Dask can be used to better manage memory use and conduct the analysis in parallel. 
For an introduction to using Dask with Digital Earth Africa, see the [Dask notebook](../Beginners_guide/08_Parallel_processing_with_dask.ipynb).

>**Note**: We recommend opening the Dask processing window to view the different computations that are being executed; to do this, see the *Dask dashboard in DE Africa* section of the [Dask notebook](../Beginners_guide/08_Parallel_processing_with_dask.ipynb).

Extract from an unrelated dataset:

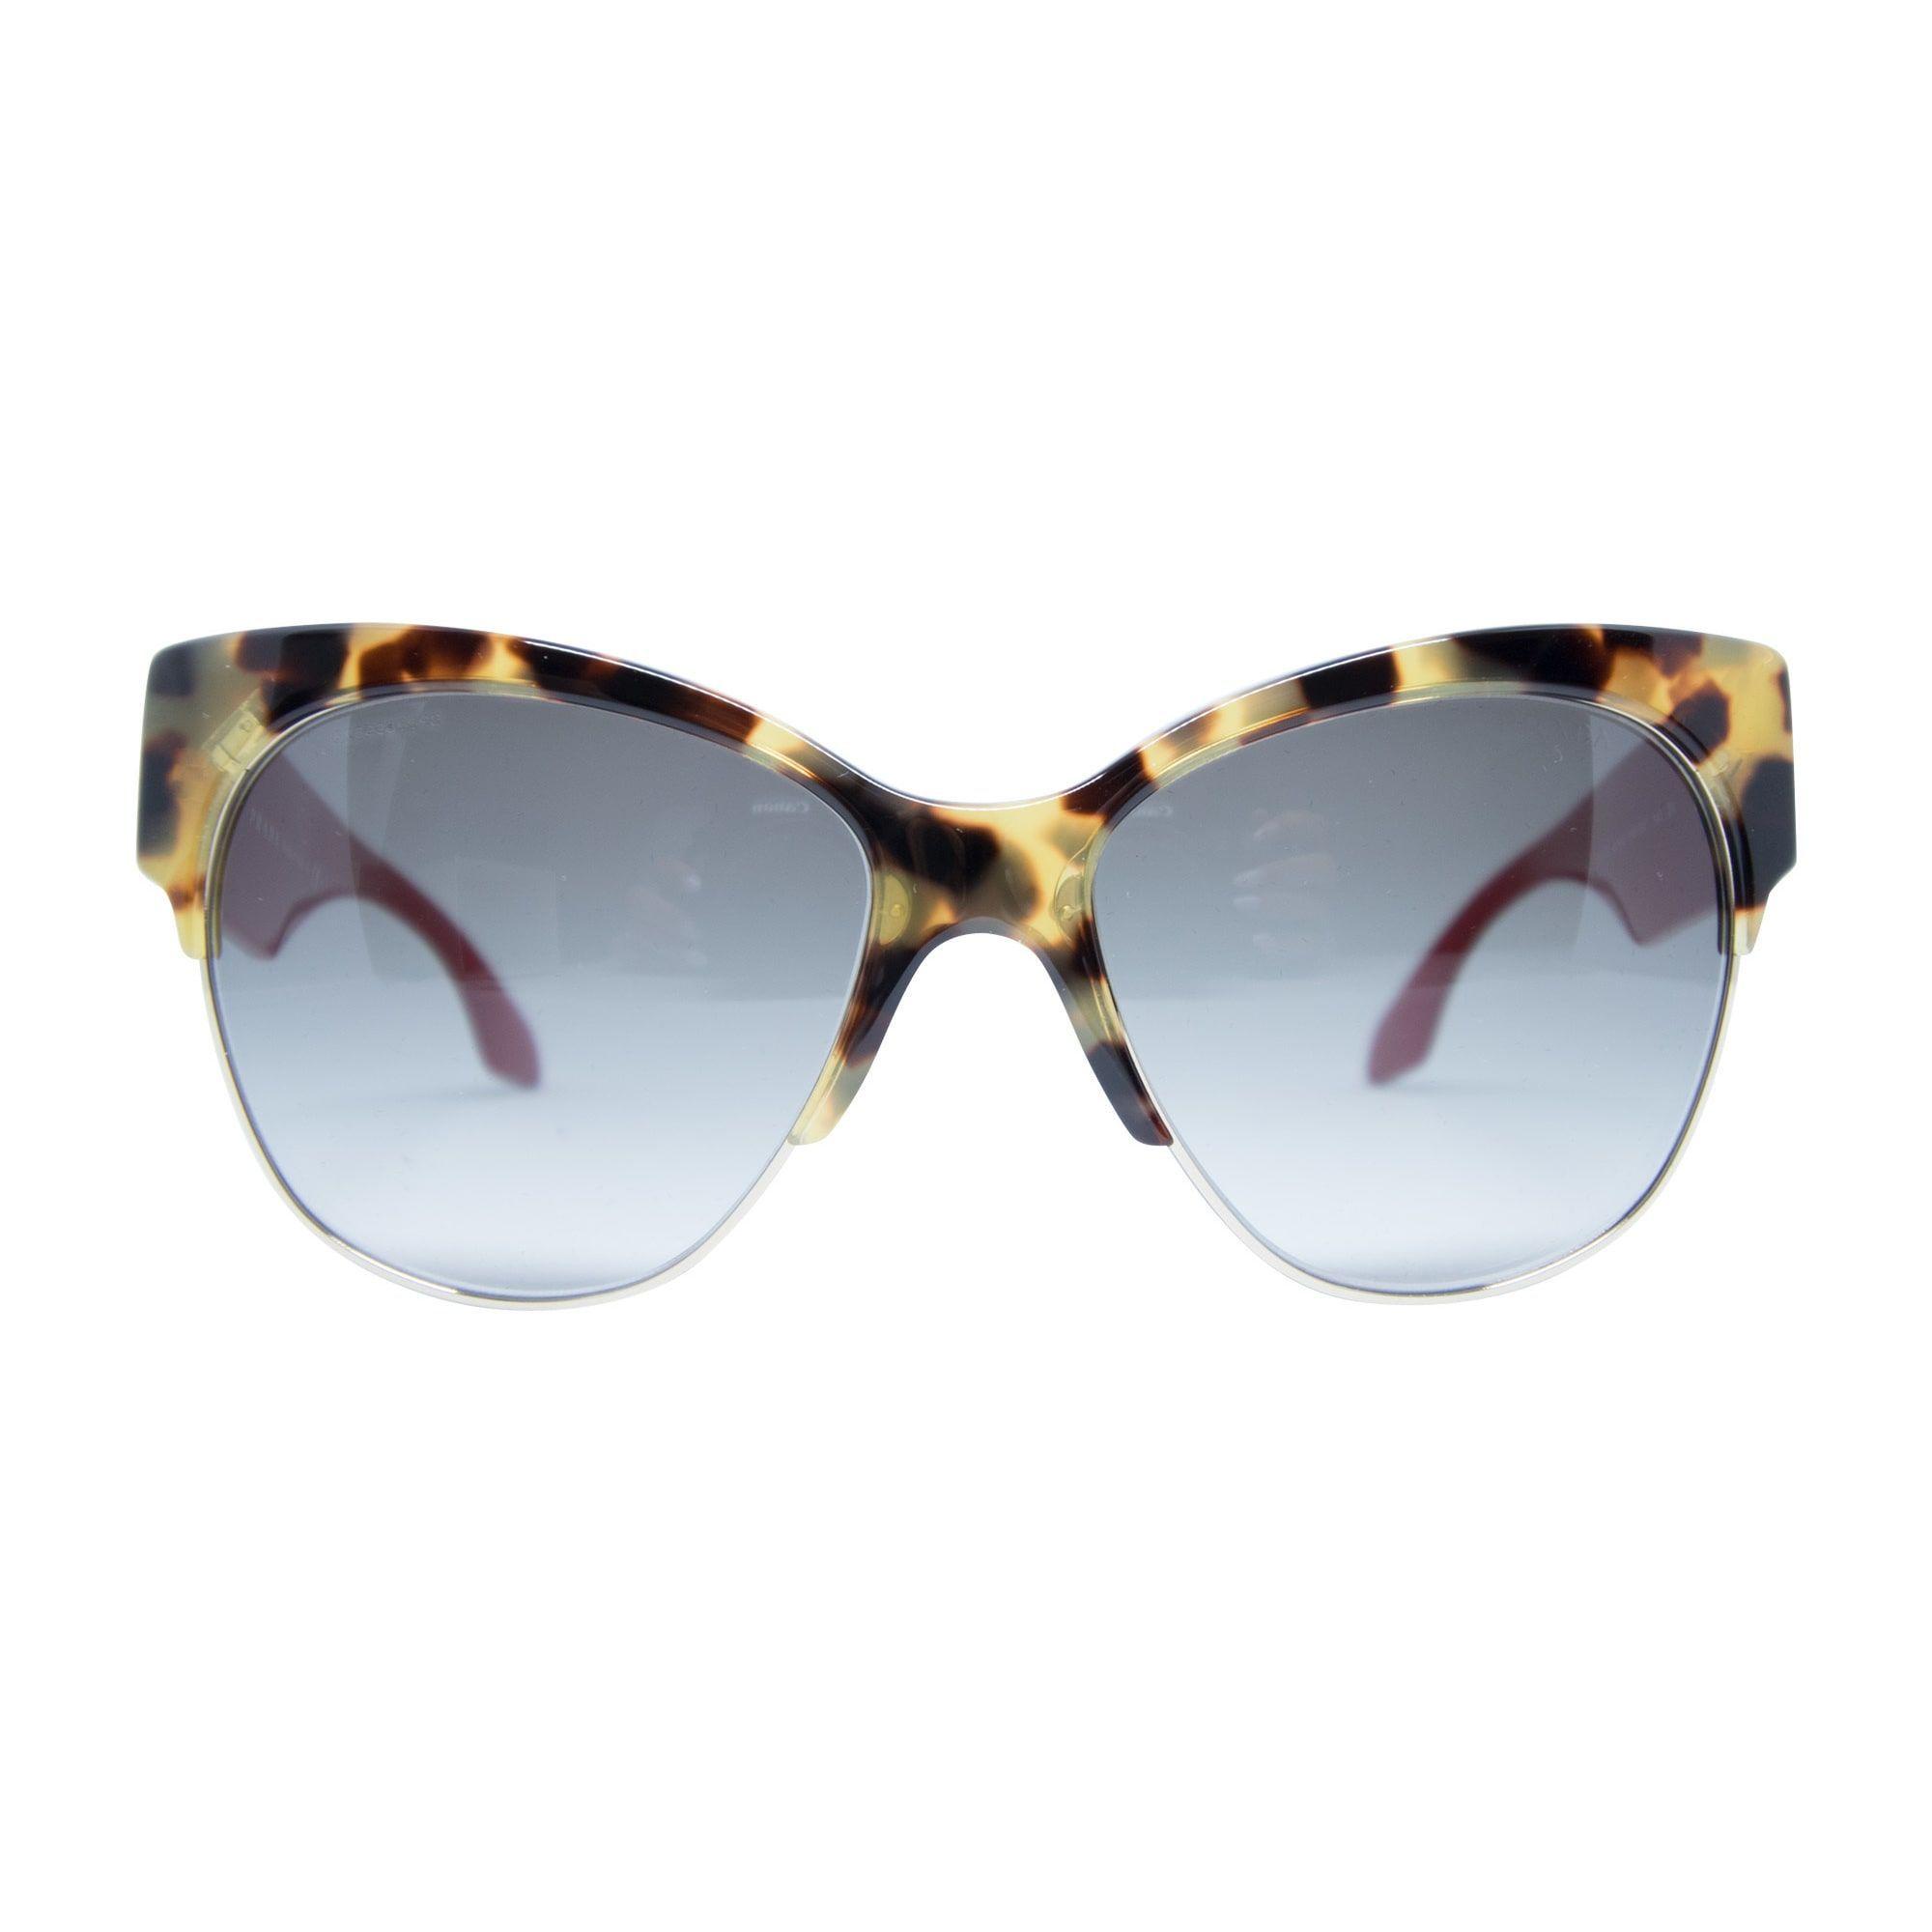 5c48fc8c7ae4 Prada SPR 11R 7SO-0A7 Women's Medium Havana Frame Grey Lens Sunglasses

To use Dask, set up the local computing cluster using the cell below.

In [2]:
create_local_dask_cluster()

0,1
Client  Scheduler: tcp://127.0.0.1:43899  Dashboard: /user/victoria@kartoza.com/proxy/8787/status,Cluster  Workers: 1  Cores: 15  Memory: 104.37 GB


### Analysis parameters

The following cell sets important parameters for the analysis:

* `vector_file`: file path for the shapefile containing the polygon for the boundary of the area of interest
* `attribute_col`: The column in the "vector_file" containing the names of the 'urban commune' or FR 'commune urbaine', 'rural commune' or FR 'commune rurale', and 'administrative post' or FR 'poste administratif'
* `time` : This is the time period of interest to load data for.
* `resolution` : The spatial resolution, in metres, to resample the satellite data to. 
* `output_crs` : The coordinate reference system that the loaded data is to be reprojected to.
* `dask_chunks`: the size of the dask chunks, dask breaks data into manageable chunks that can be easily stored in memory, e.g. dict(x=1000,y=1000)
* `output_dir` : The directory in which to store results from the analysis.
* `no_of_clusters` : The number of clusters to form as well as the number of centroids generated in the K-Means clustering.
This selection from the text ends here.